After reading the last couple of posts, I've decided to also aim for next year's down run.

Silly thing is I pulled my calve last weekend on a 10k run, and I could only start walking on it again on Friday

Welcome to the wonderful world of ultra running! Once you're in there is no turning back  ^_^

Posted

My first year of Comrades (2014):

I started running in Jul 2013, but real training started in November ( that means 7 months of running...)  

I completed one 21km (2:14). Continued running in December, slowly building up the kms. Ran my first marathon in Jan 2014 (4:38) and in 2014 I ran my first Comrades. The key to finishing my first Comrades: Consistency!

I ran 21km+ every weekend from Jan to May. Average weekly kms were 60 to 70km per week. 

Like previous comments, take it easy to avoid injuries. I didn't put any time pressures on myself as Comrades is really far and I didn't know what to expect. 

Posted

I think I will try it today. Did a slow 9km run on Saturday, but jeez, the legs felt heavy and slow.

 

ja everything felt heavy - think we discount the impact that comrades has on your body...so while we feel fine, we are actually still recovering

Posted

ja everything felt heavy - think we discount the impact that comrades has on your body...so while we feel fine, we are actually still recovering

Excatly. And saturday nigh my wife and i went out to diner and we order a bottle of wine. Jeez after the second glass I was feeling lekker light headed. Ha ha. The perks of being fit lol

Posted (edited)

Thanks

During which months did you run your PBs?

 

 

Not to sure, but we did not chase any PB's, not during last year, definately not this year.   Our only objective was to pace ourselves in such a manner to not get injured and to finish Omtom and Comrades, even if it was just 1 min inside cutoffs.    There was NO heroics in any of our training runs.  An injury (which you border on most of the time with the training km's), can derail everything, ask even Caroline.

 

The marathon was our first and only qualifying marathon in November last year and the 21 was end of January FWIW.

Edited by Jackes
Posted

ja everything felt heavy - think we discount the impact that comrades has on your body...so while we feel fine, we are actually still recovering

 

Yup....

 

http://www.nedbankrunningclub.co.za/News/DisplayNewsItem.aspx?niid=1335

 

Perhaps one of the most frequently made mistakes by runners after the Comrades marathon is to get back on the road too soon. The post Comrades recovery is a slow and deliberate process and cannot be hurried.

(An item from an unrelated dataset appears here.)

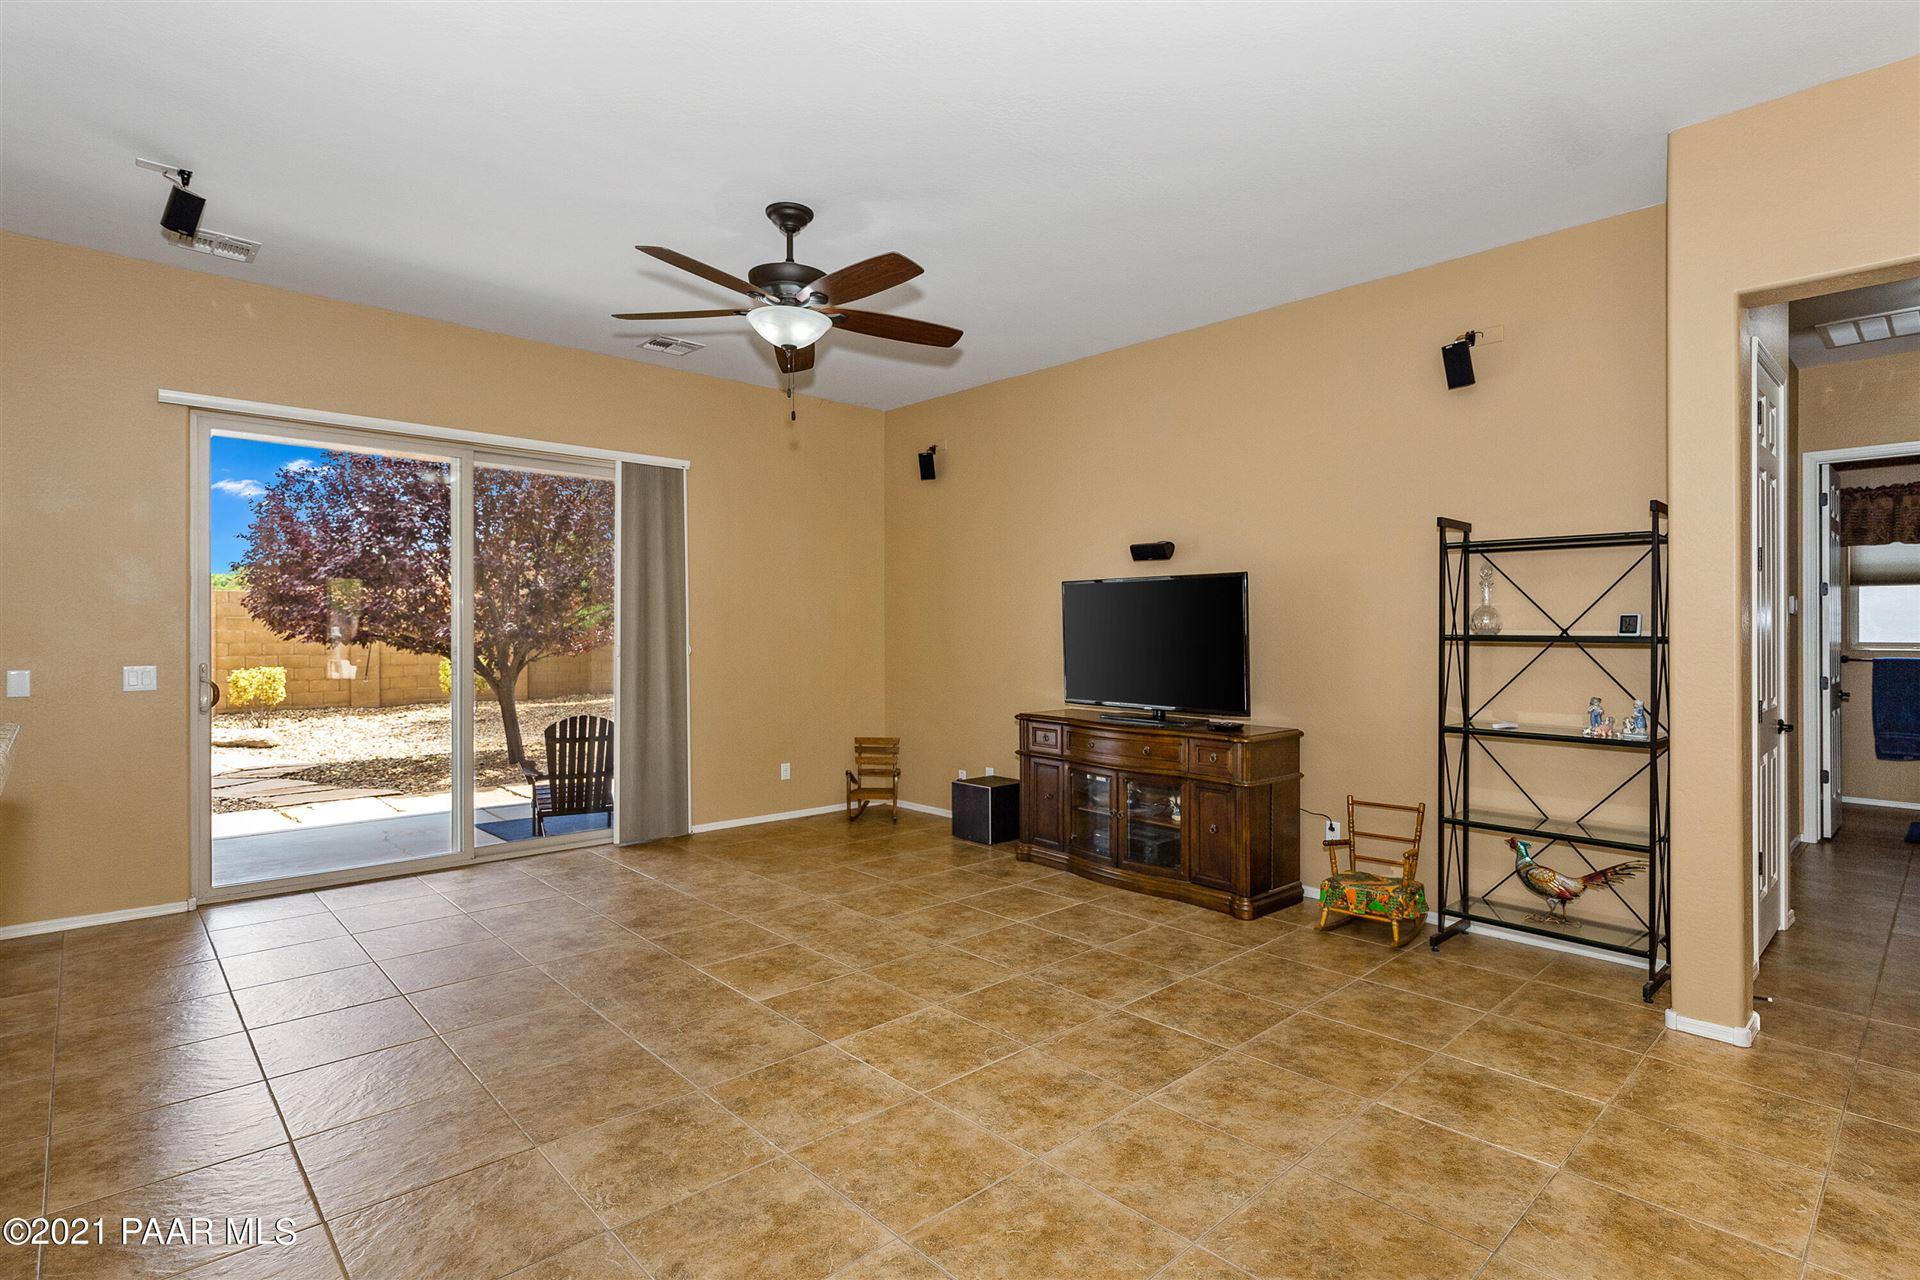 Photo of 3871 N Fairfax Road #Lot: 1337, Prescott Valley, AZ 86314 (MLS # 1040387)

However the damage that Comrades does to the body is deeper and more long lasting than many runners realize and recovery may not be complete.. A hard Comrades damages the legs but it also taxes the immune system severely. It drains the body of strength and leaves it weak and open to illness and sickness.

 

I believe in taking a decent two week break after the Comrades and then running gently and without any racing at all until the spring returns to my legs. This usually happens around the first week of July ( For a May Comrades) I return to proper training and racing in mid August.

Posted

Yup....

 

http://www.nedbankrunningclub.co.za/News/DisplayNewsItem.aspx?niid=1335

 

Perhaps one of the most frequently made mistakes by runners after the Comrades marathon is to get back on the road too soon. The post Comrades recovery is a slow and deliberate process and cannot be hurried.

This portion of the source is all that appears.